Before trying to learn about specific networks, it is important to recognize that these things change like the wind (see http://www.uk.linux.org/NetNews.html for Linux networking news), and it is very difficult to get accurate data about some networks.

Where I was particularly uncertain, I've placed a ?. I have spent a lot of time researching this topic, but I'm sure my summary is full of errors and has omitted many important things. If you have any corrections or additions, please send email to mailto:pplinux@ecn.purdue.edu.

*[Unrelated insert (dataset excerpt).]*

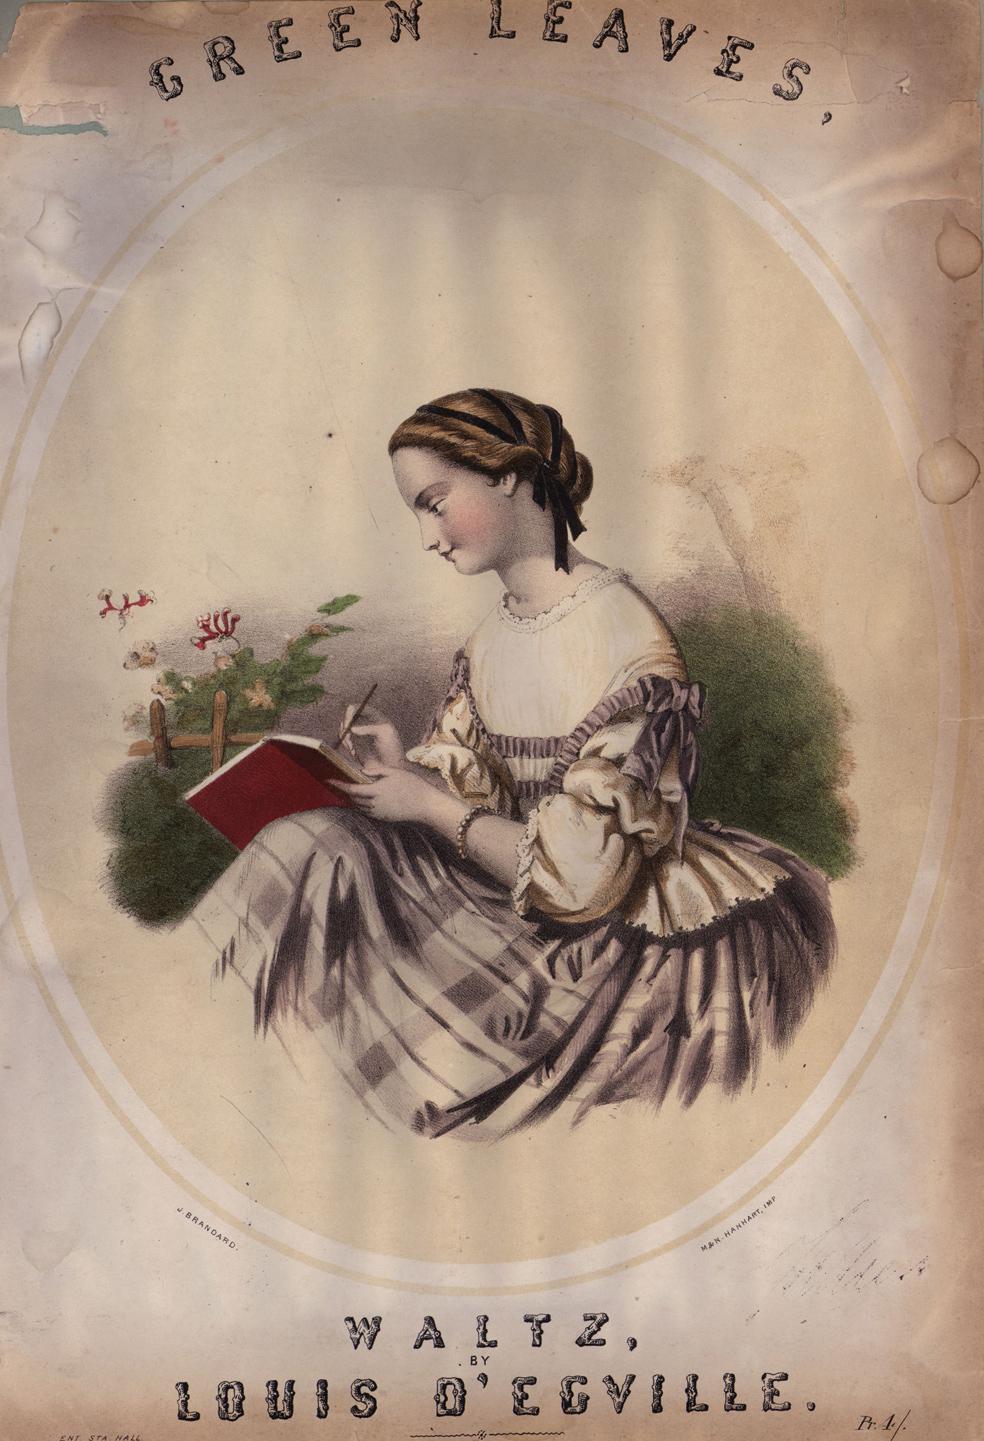 במהלך המאה ה־19 נערה כותבת הפכה לדימוי רומנטי שביטא את רוח התקופה. נערה כותבת במחברת אדומה, איור שהופיע על כריכת חוברת התווים של הוולס 'עלים ירוקים', 1840

Summaries like the LAN Technology Scorecard at http://web.syr.edu/~jmwobus/comfaqs/lan-technology.html give some characteristics of many different types of networks and LAN standards. However, the summary in this HOWTO centers on the network properties that are most relevant to construction of Linux clusters. The section discussing each network begins with a short list of characteristics. The following defines what these entries mean.

Linux support:

If the answer is no, the meaning is pretty clear. Other answers try to describe the basic program interface that is used to access the network. Most network hardware is interfaced via a kernel driver, typically supporting TCP/UDP communication. Some other networks use more direct (e.g., library) interfaces to reduce latency by bypassing the kernel.

Years ago, it used to be considered perfectly acceptable to access a floating point unit via an OS call, but that is now clearly ludicrous; in my opinion, it is just as awkward for each communication between processors executing a parallel program to require an OS call. The problem is that computers haven't yet integrated these communication mechanisms, so non-kernel approaches tend to have portability problems. You are going to hear a lot more about this in the near future, mostly in the form of the new Virtual Interface (VI) Architecture, http://www.viarch.org/, which is a standardized method for most network interface operations to bypass the usual OS call layers. The VI standard is backed by Compaq, Intel, and Microsoft, and is sure to have a strong impact on SAN (System Area Network) designs over the next few years.

Maximum bandwidth:

This is the number everybody cares about. I have generally used the theoretical best case numbers; your mileage will vary.

Minimum latency:

In my opinion, this is the number everybody should care about even more than bandwidth. Again, I have used the unrealistic best-case numbers, but at least these numbers do include all sources of latency, both hardware and software. In most cases, the network latency is just a few microseconds; the much larger numbers reflect layers of inefficient hardware and software interfaces.

Available as:

Simply put, this describes how you get this type of network hardware. Commodity stuff is widely available from many vendors, with price as the primary distinguishing factor. Multiple-vendor things are available from more than one competing vendor, but there are significant differences and potential interoperability problems. Single-vendor networks leave you at the mercy of that supplier (however benevolent it may be). Public domain designs mean that even if you cannot find somebody to sell you one, you or anybody else can buy parts and make one. Research prototypes are just that; they are generally neither ready for external users nor available to them.

Interface port/bus used:

How does one hook-up this network? The highest performance and most common now is a PCI bus interface card. There are also EISA, VESA local bus (VL bus), and ISA bus cards. ISA was there first, and is still commonly used for low-performance cards. EISA is still around as the second bus in a lot of PCI machines, so there are a few cards. These days, you don't see much VL stuff (although http://www.vesa.org/ would beg to differ).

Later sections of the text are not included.